__The task__
Filter this material down to the lines that hold "coolant", copying each one.

══ Source data

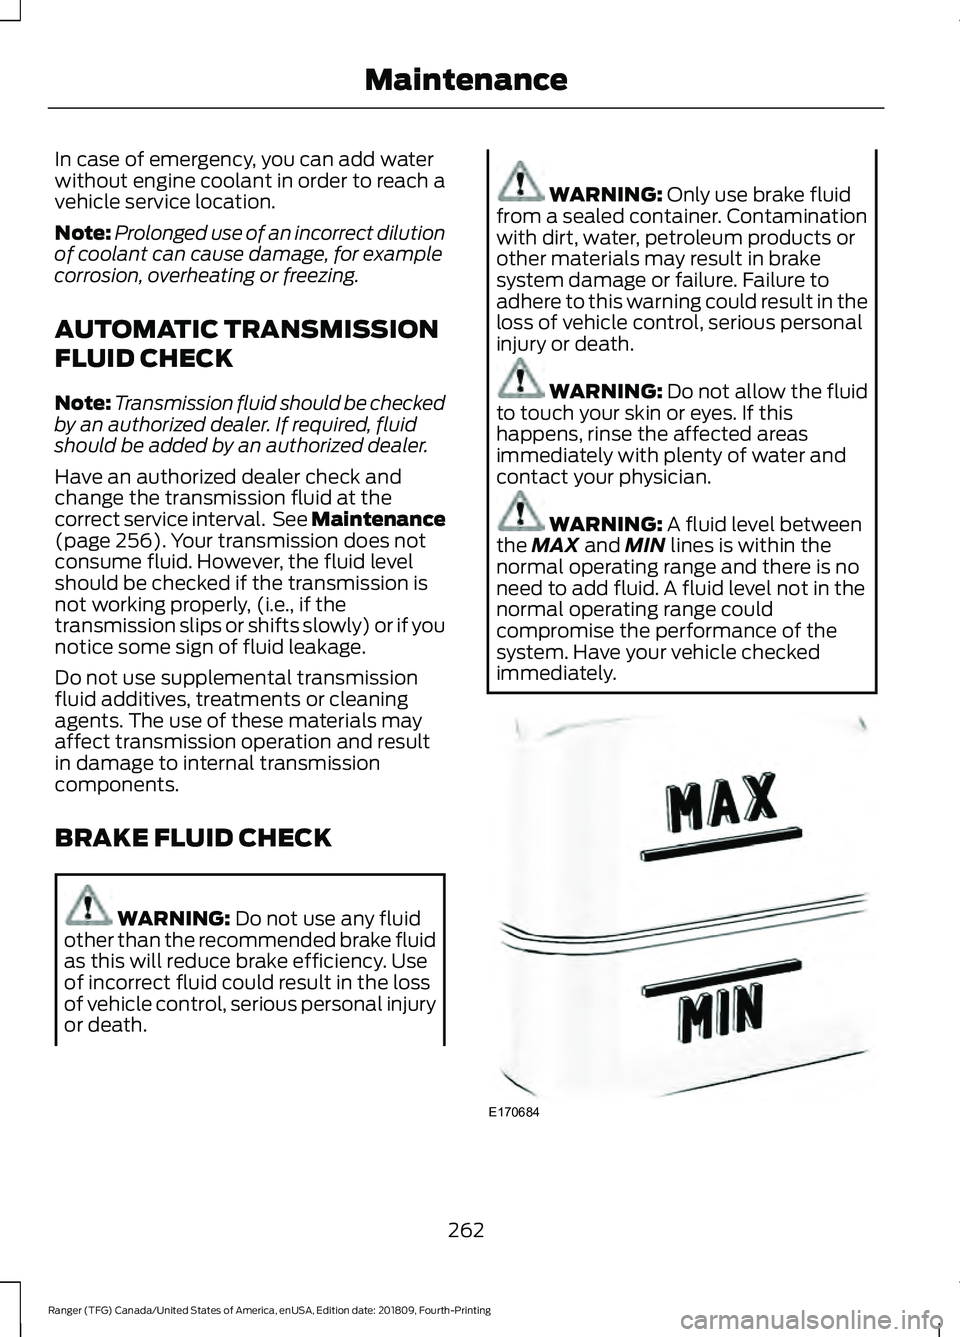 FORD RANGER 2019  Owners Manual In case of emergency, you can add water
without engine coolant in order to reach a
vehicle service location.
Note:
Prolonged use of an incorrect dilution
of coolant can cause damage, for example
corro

════
══ Source data

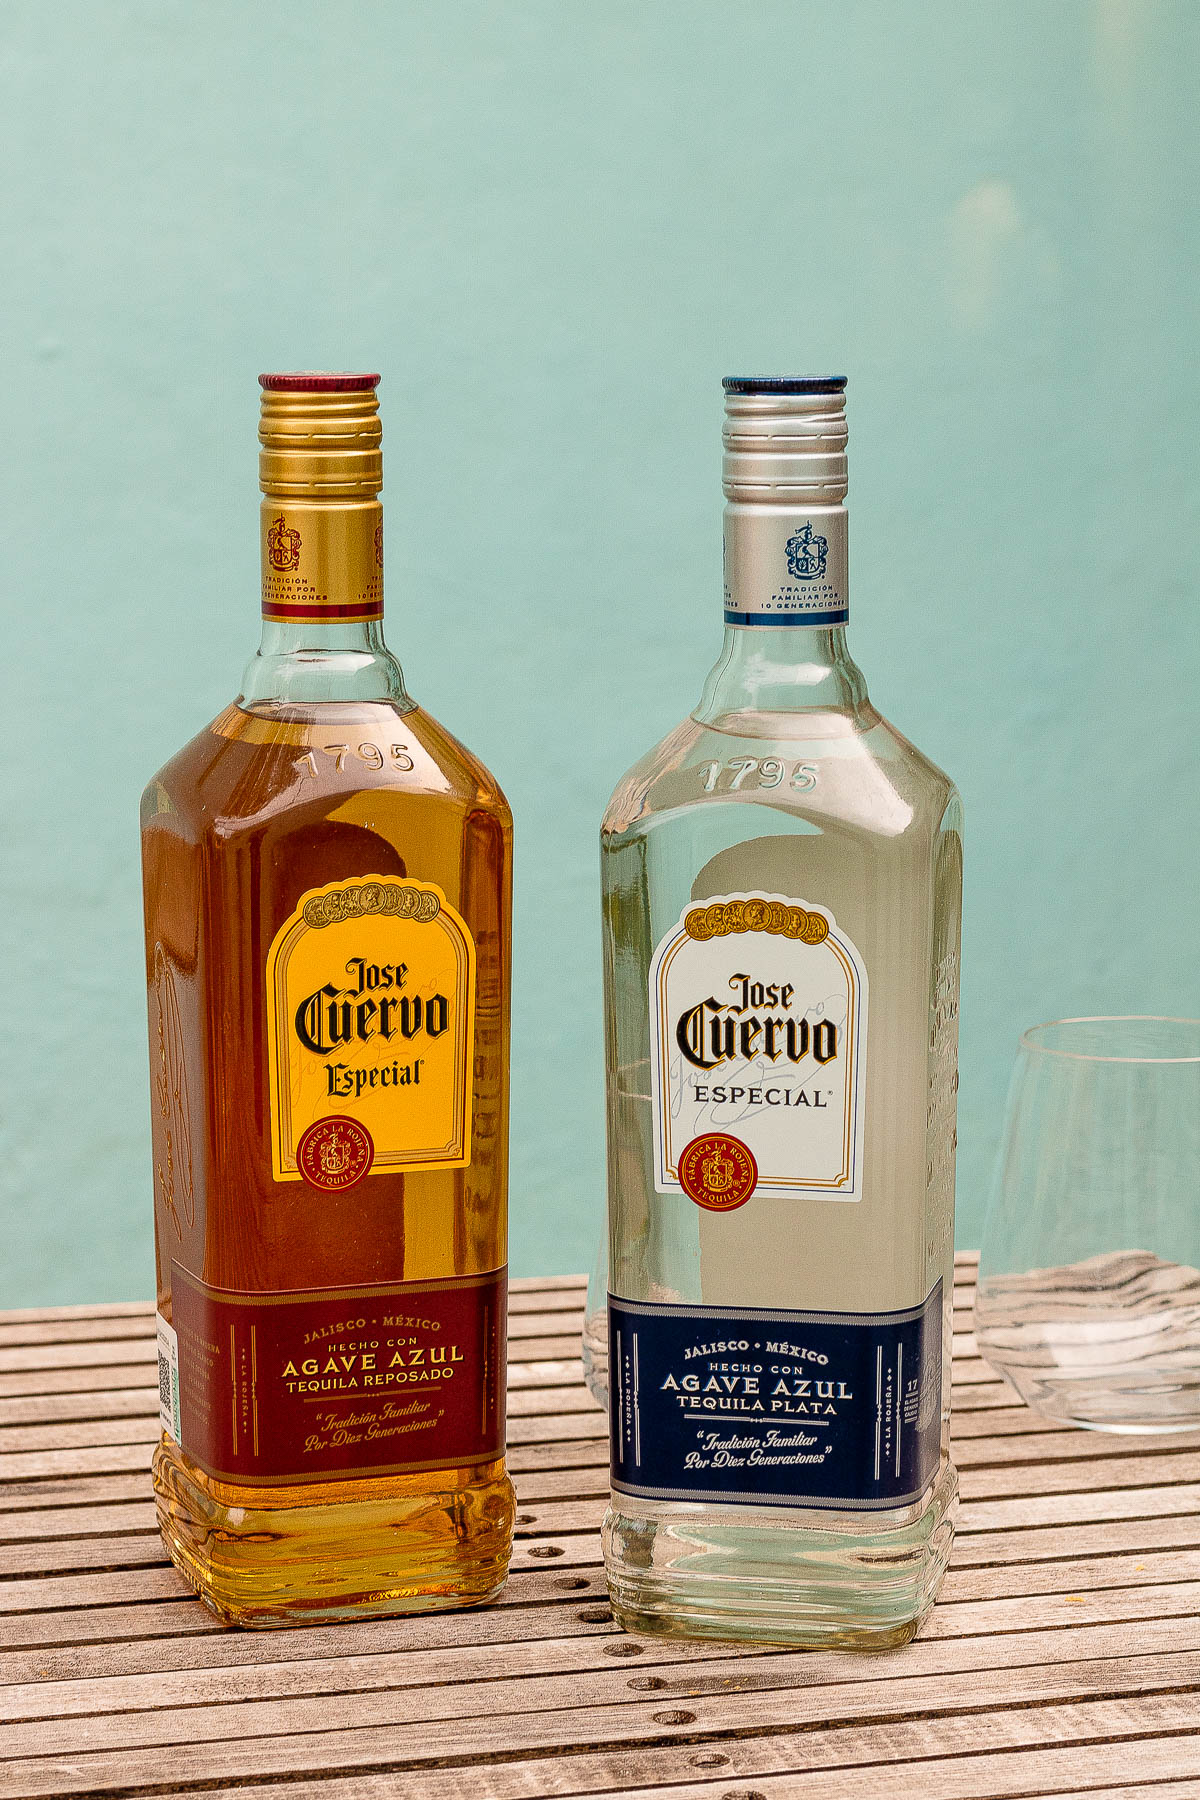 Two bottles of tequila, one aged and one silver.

════

__Response area__
without engine coolant in order to reach a
of coolant can cause damage, for example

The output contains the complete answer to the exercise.